Underscoring the incestuous relationship between commerce and drug
policy, Tom Umberg, the architect of the administration's Colombian
initiative, is now moving from the White House Office of Drug Control
Policy to the law firm of Morrison & Foerster, where he will represent
Colombia and other Latin American countries on trade issues. In
Colombia, as in Washington, no good deed goes unrewarded.
Unfortunately, some good deeds have deadly consequences. Colombia is
in
the midst of a protracted three-way civil war pitting the Colombian
army, which has one of the worst human-rights records in the Western
Hemisphere, against leftist rebels and right-wing paramilitary groups,
both largely funded by the drug trade. It is the army that will
receive
the lion's share of the U.S. money -- prompting senior U.S. defense
officials to express privately their fear that our military's
expanding
role in fighting the war on drugs could draw the United States into
another Vietnam.
Maybe that's why the Clinton administration decided to introduce the
Colombian aid as part of a larger emergency-spending package, bundling
the potentially controversial measure with proposals only a
coldhearted
misanthrope would oppose. Along with the money for Colombia, the bill
includes $2.2 billion for relief from natural disasters such as
Hurricane Floyd and $854 million for military health care.
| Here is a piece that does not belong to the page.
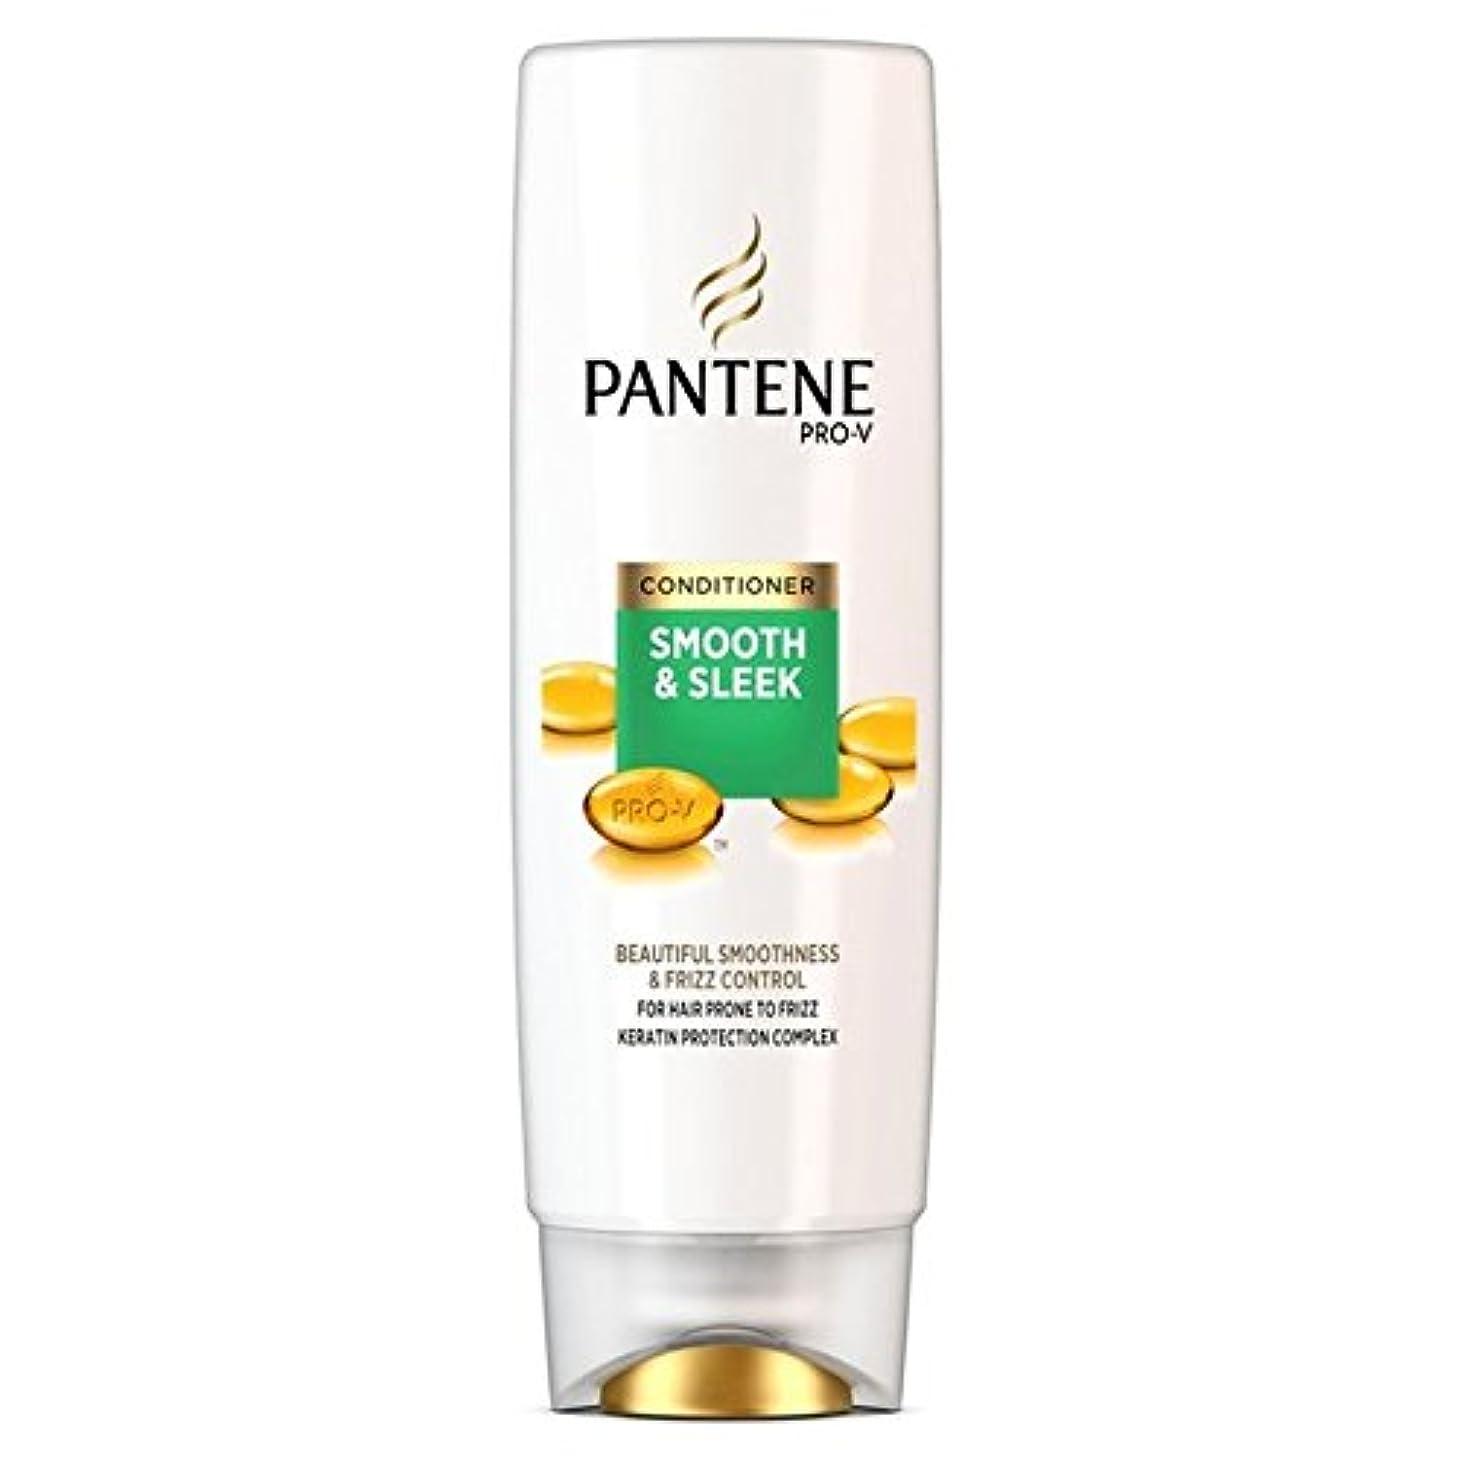 数学的な鎖実質的Pantene Conditioner Smooth & Sleek For Hair Prone to Frizz 250ml (Pack of 6) - パンテーンコンディショナースムーズ&縮れ250ミリリットルを受...

It's an old
legislative ploy designed to squelch debate and force politicians to
vote for wasteful -- or even terrible -- measures because they don't
want to be painted as being against God, country and disaster relief.
And we just saw how George
W. Bush was able to twist John McCain's opposition to such legislative
chicanery into an attack ad portraying him as indifferent to funding
for
breast cancer research.
Jackson is one of the members who will nevertheless vote against the
bill. "It's absurd," he told me. "There wasn't even any language added
tying the aid to human-rights concerns. And [Rep.] Nancy Pelosi's
[D-Calif.] amendment to spend equivalent amounts of money on the
demand
side was defeated during the Appropriations Committee markup -- even
though treatment has been proven to be 23 times more cost-effective
than
eradication of crops and 11 times more cost-effective than
interdiction."
The cost of the helicopters alone would provide treatment for almost
200,000 substance abusers or drug-prevention services for more than 4
million Americans. We're about to spend close to $2 billion on
Colombia,
while here at home 3.6 million addicts are not receiving the treatment
they need -- this despite the fact that drug czar Barry McCaffrey's
budget is expected to rise to a proposed $19.2 billion next year.
When Richard Nixon -- hardly someone who can be accused of having been
soft on crime -- declared a war on drugs in 1971, he directed more
than
60 percent of the funds into treatment. Now, we're down to 18 percent.
Since 1980, through both Republican and Democratic administrations,
the
emphasis has turned to interdiction, crop eradication, border
surveillance and punishment.
The evidence is clear that it has been a misguided use of resources.
But
putting $1.7 billion into Colombia, in the middle of a civil war, is
more than misguided -- it's nuts. And if it's not voted down in the
House on Thursday, it needs to be stopped in the Senate.